Find the line containing "Paula's Choice Calm Ultra-gentle Cleanser", then print it and each line after it through the end of the listing exactly, with no pictures.
** Opening RAW DATA block **
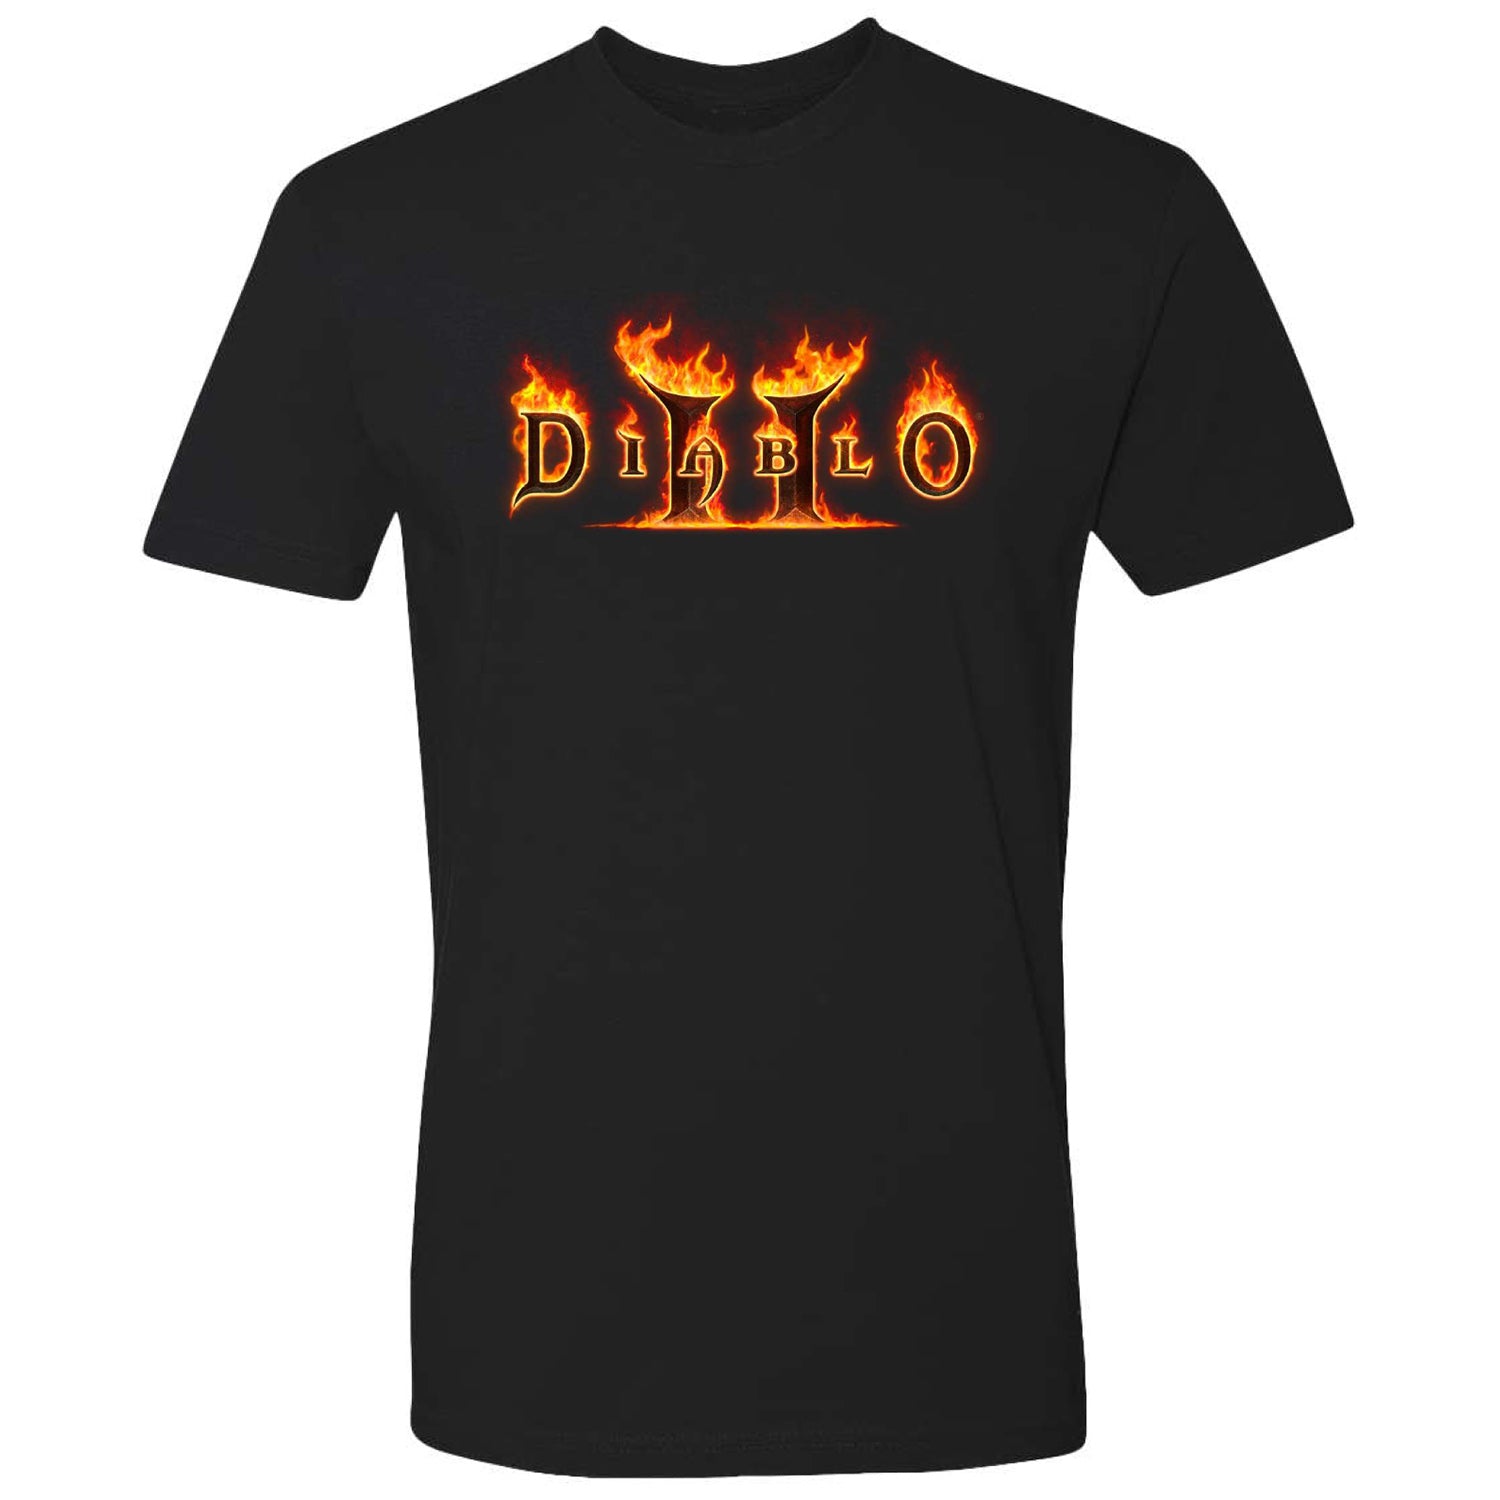 Diablo II Logo T-Shirt - Front View Black Version
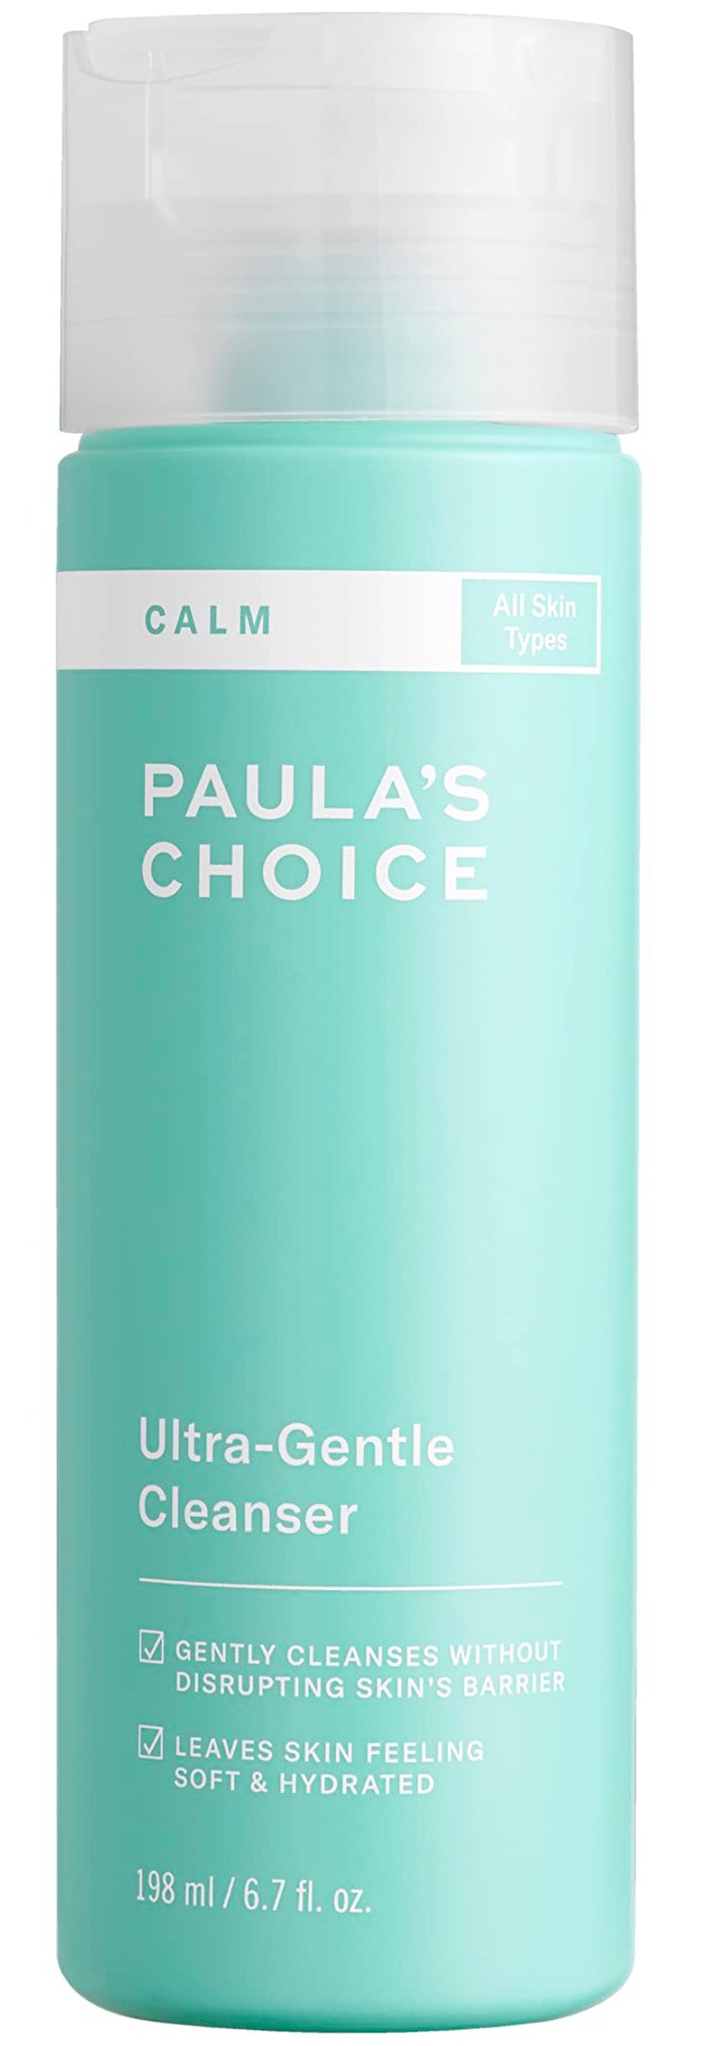 Paula's Choice Calm Ultra-gentle Cleanser
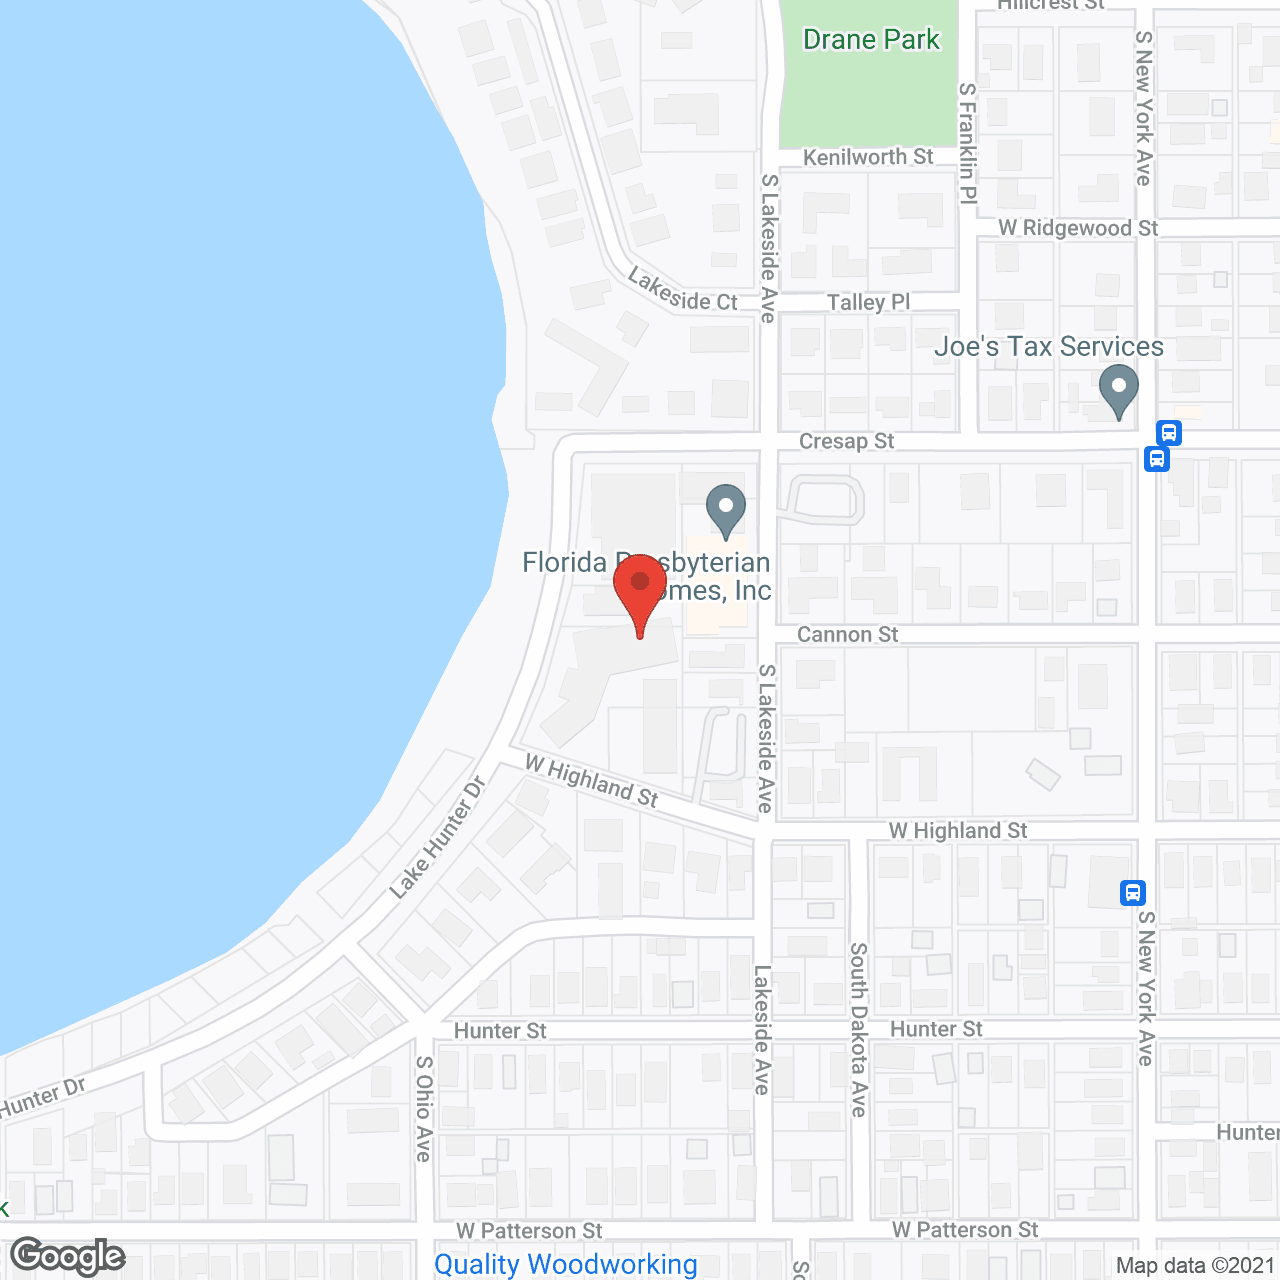 Florida Presbyterian Homes Inc in google map
** Closing RAW DATA block **
§ OUTPUT OF THE EXERCISE:
 Paula's Choice Calm Ultra-gentle Cleanser
 Florida Presbyterian Homes Inc in google map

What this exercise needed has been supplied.